Rolls Royce DPA with the SFO is the right result.
Rolls can draw a line under the matter and move on. The SFO can be applauded for what is a very significant enforcement resolution in its favour.
The SFO Press Release records serious misconduct, namely, “…12 counts of conspiracy to corrupt, false accounting and failure to prevent bribery….[spanning] three decades and involves Rolls-Royce’s Civil Aerospace and Defence Aerospace businesses and its former Energy business and relates to the sale of aero engines, energy systems and related services. The conduct covered by the UK DPA took place across seven jurisdictions: Indonesia, Thailand, India, Russia, Nigeria, China and Malaysia.”
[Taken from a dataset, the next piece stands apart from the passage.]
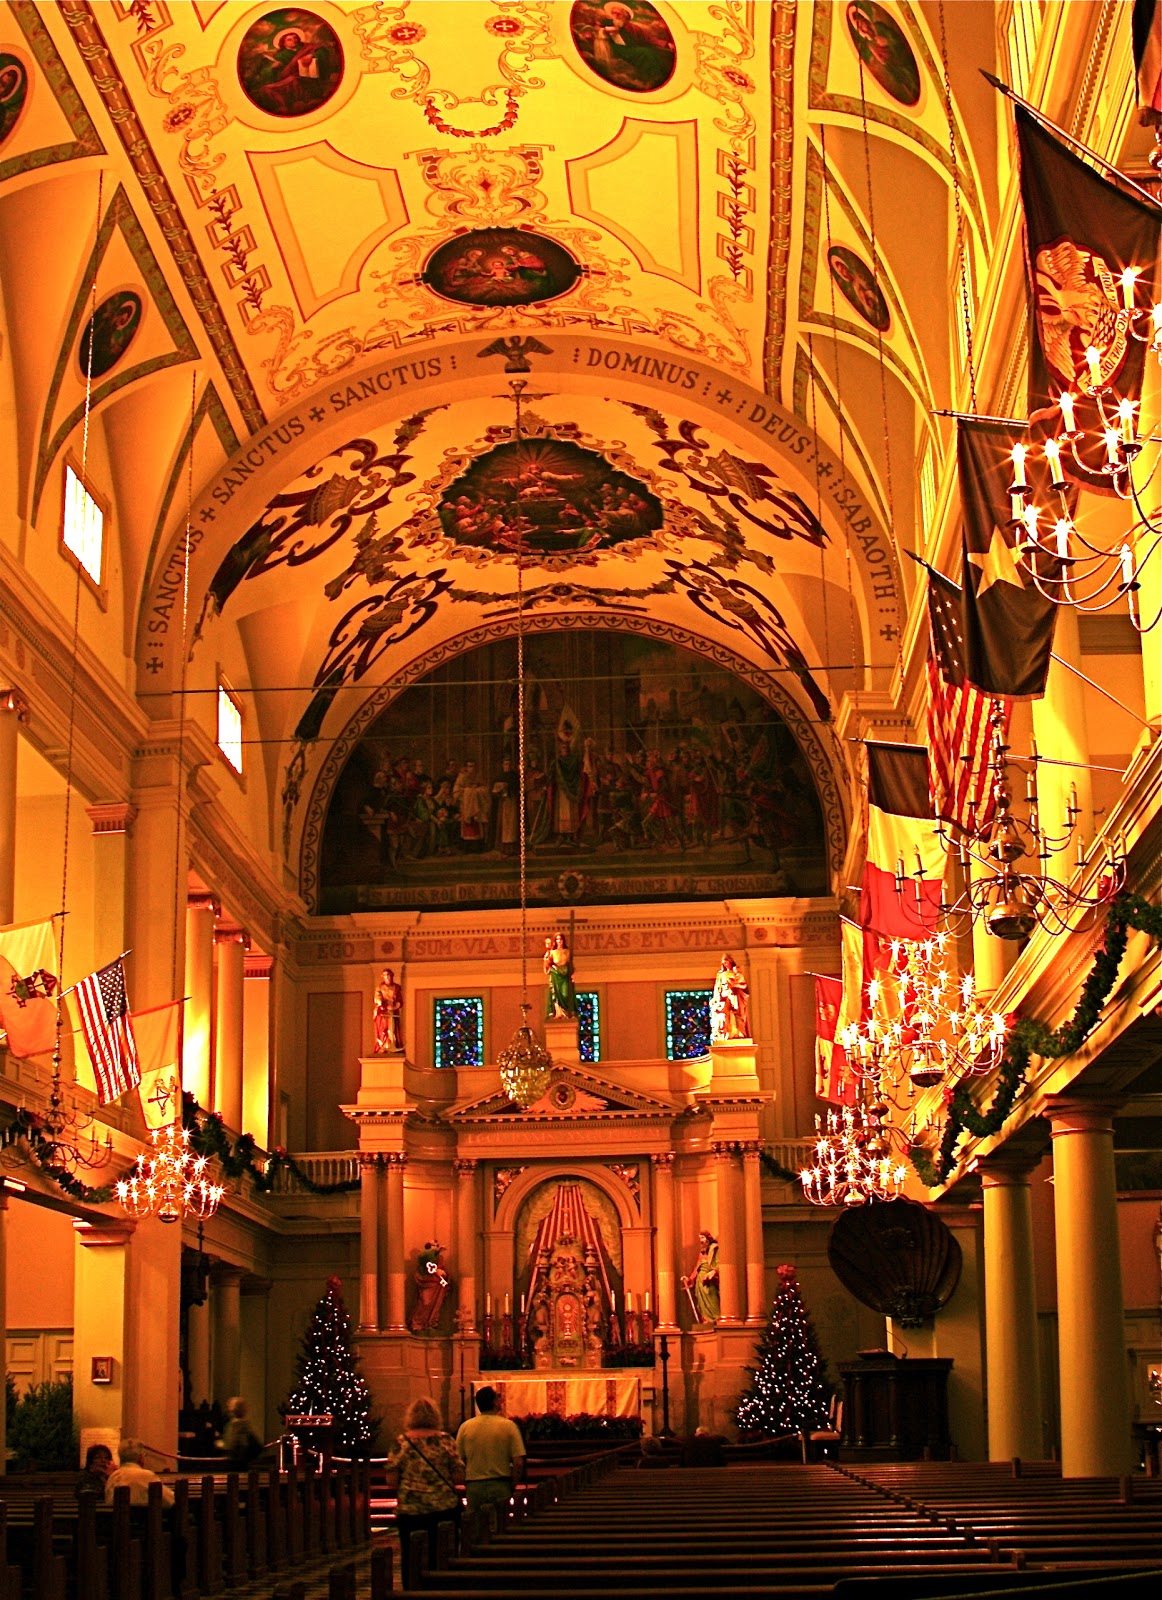 NOLA LifeStyle: Saint Louis Cathedral Interior

In his judgment Sir Brian Leveson recorded:
“My reaction when first considering these papers was that if Rolls-Royce were not to be prosecuted in the context of such egregious criminality over decades, involving countries around the world, making truly vast corrupt payments and, consequentially, even greater profits, then it was difficult to see when any company would be prosecuted. A possible exception could be the corporate vehicle for fraud, set up for that purpose and, in the public interest, requiring dissolution (although that also might be achieved in different ways). As for the non-penal consequences of conviction, the purpose of the procurement rules is specifically to discourage corruption and they should not be circumvented.”
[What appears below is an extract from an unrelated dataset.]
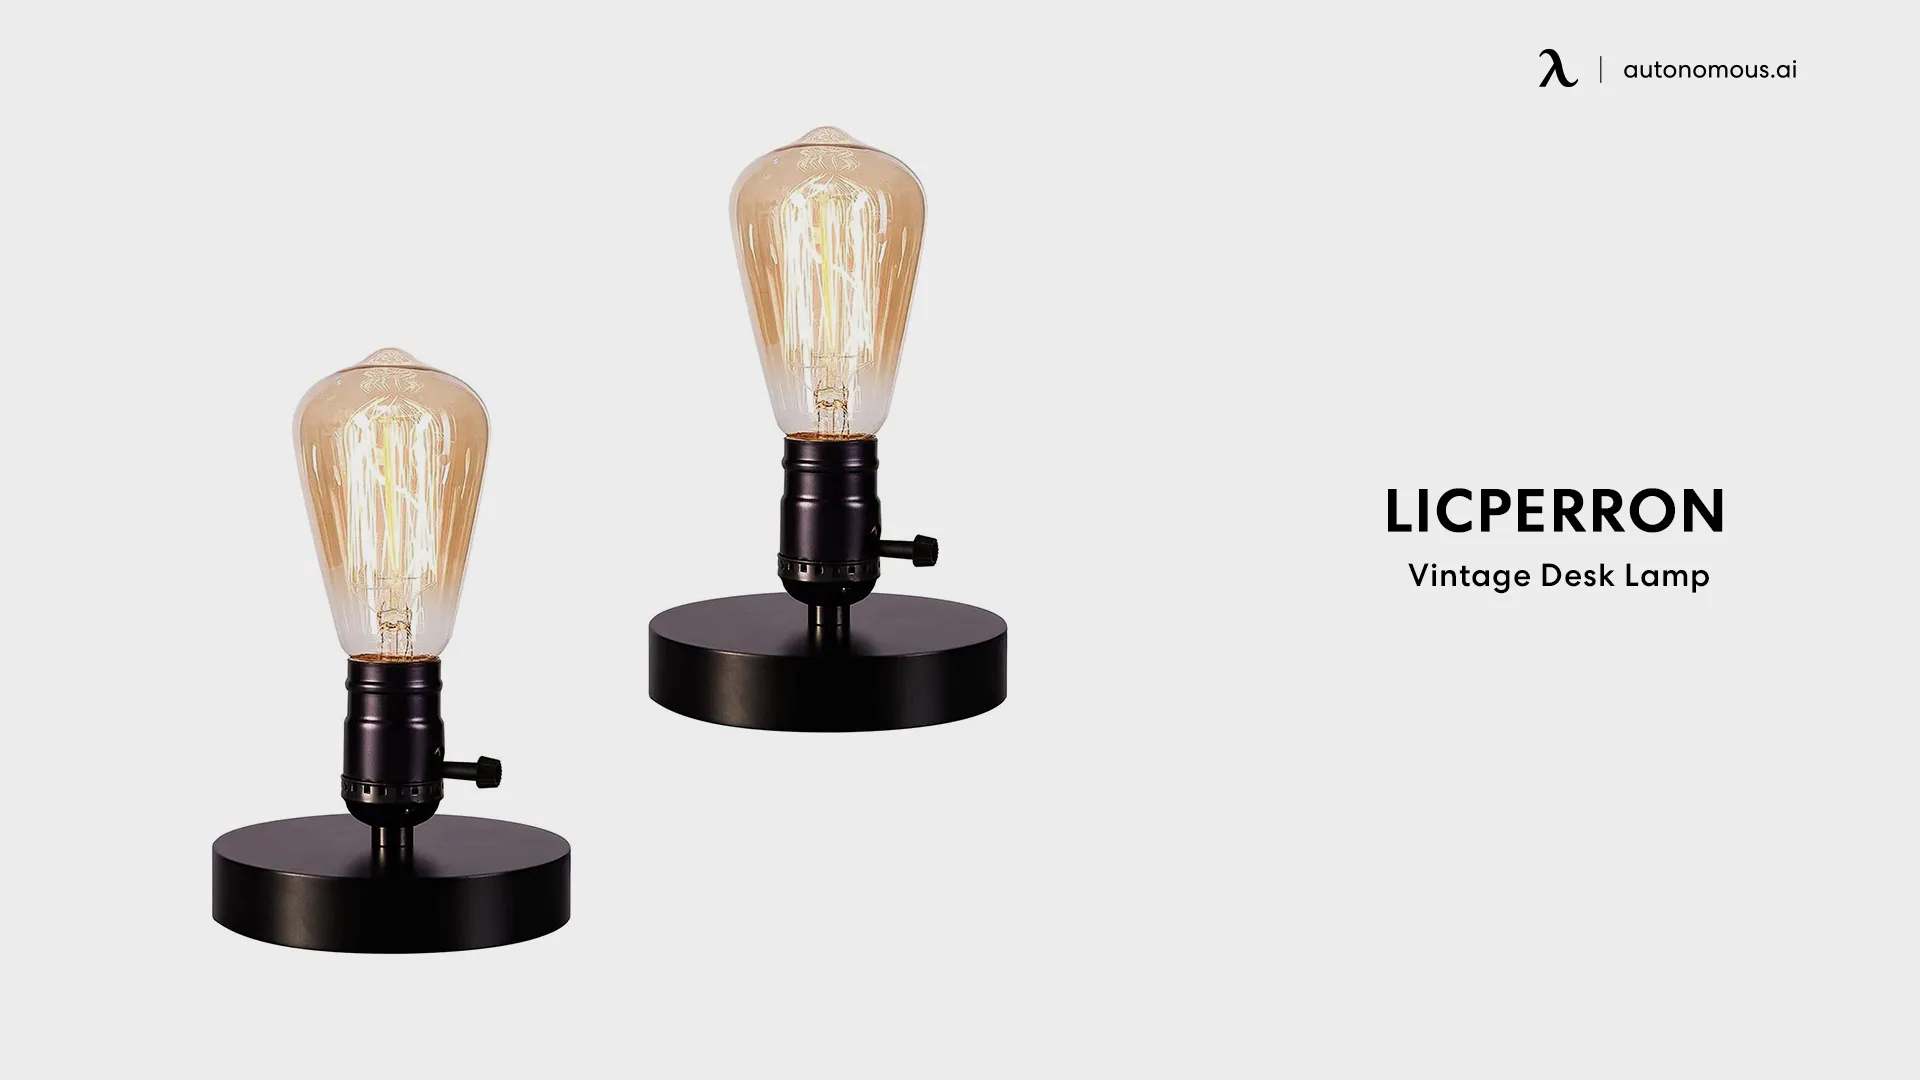 Licperron Vintage Desk Lamp

That said, taking into account numerous factors Sir Brian concludes:
“In the circumstances, subject to the terms being fair, reasonable and proportionate, I have come to the conclusion that it is in the interests of justice that the conduct of Rolls-Royce be resolved through the mechanism of a DPA.”
This is the correct result.
As David Green, Director of the SFO once said the key to a DPA is Co-operation, co-operation, co-operation. It would be unfair and arbitrary that the availability of whether or not a business could garner a DPA could come down to a timing issue, namely whether the SFO found out about it first.
Rolls Royce’ DPA confirms that DPA’s will be on the table, in appropriate circumstances, whether or not a company has Self Reported (which Rolls Royce did not).
With extensive reference to co-operation a DPA has been agreed and on top of that an additional discount of 16.7% on top of the standard 33.3% (available in the context of an early guilty plea) was provided.
All this is sensible stuff while at the same time a very substantial penalty and disgorgement has been meted out, instantly catapulting the Rolls bribery enforcement resolution into the top five of ‘FCPA’ settlements of all time;if not the top three.
Opinion
A core goal of the DPA regime has always been to encourage Self Reporting.
Rolls DPA blows out of the water the SFO the argument that absent a Self Report a DPA is not on the table.
As a result, the courts will need to do more to incentivise corporate Self Reporting (we have long been arguing for this).
What incentives a Board to Self Report misconduct in circumstances where it is still possible to obtain a DPA and obtain a 50% discount without doing so?
The answer: companies who Self Report should received much bigger discounts.
We consider that the UK should follow the US lead (again) and offer a discount of up to and including 100% off of a penalty/fine. Disgorgement orders would still be made.
If Boards are to seriously consider Self Reporting they must have a clear economic choice in front of them.
That choice needs to be that the cost of not Self Reporting could, if the conduct is uncovered, be substantially more than if the Company Self Reports, taking into account all attendant costs and expenses.
Faced with this choice the Board of Directors would need to consider whether they were properly performing their fiduciary duty to the Company in gambling on not getting caught in light of the relative additional economic downside to the corporate if the company is caught out.
The risk of class action law suits against Directors personally in circumstances where they took a decision not to Self Report which subsequently resulted in significant extra cost to a corporate would focus the mind and create a meaningful topic for debate at the highest level.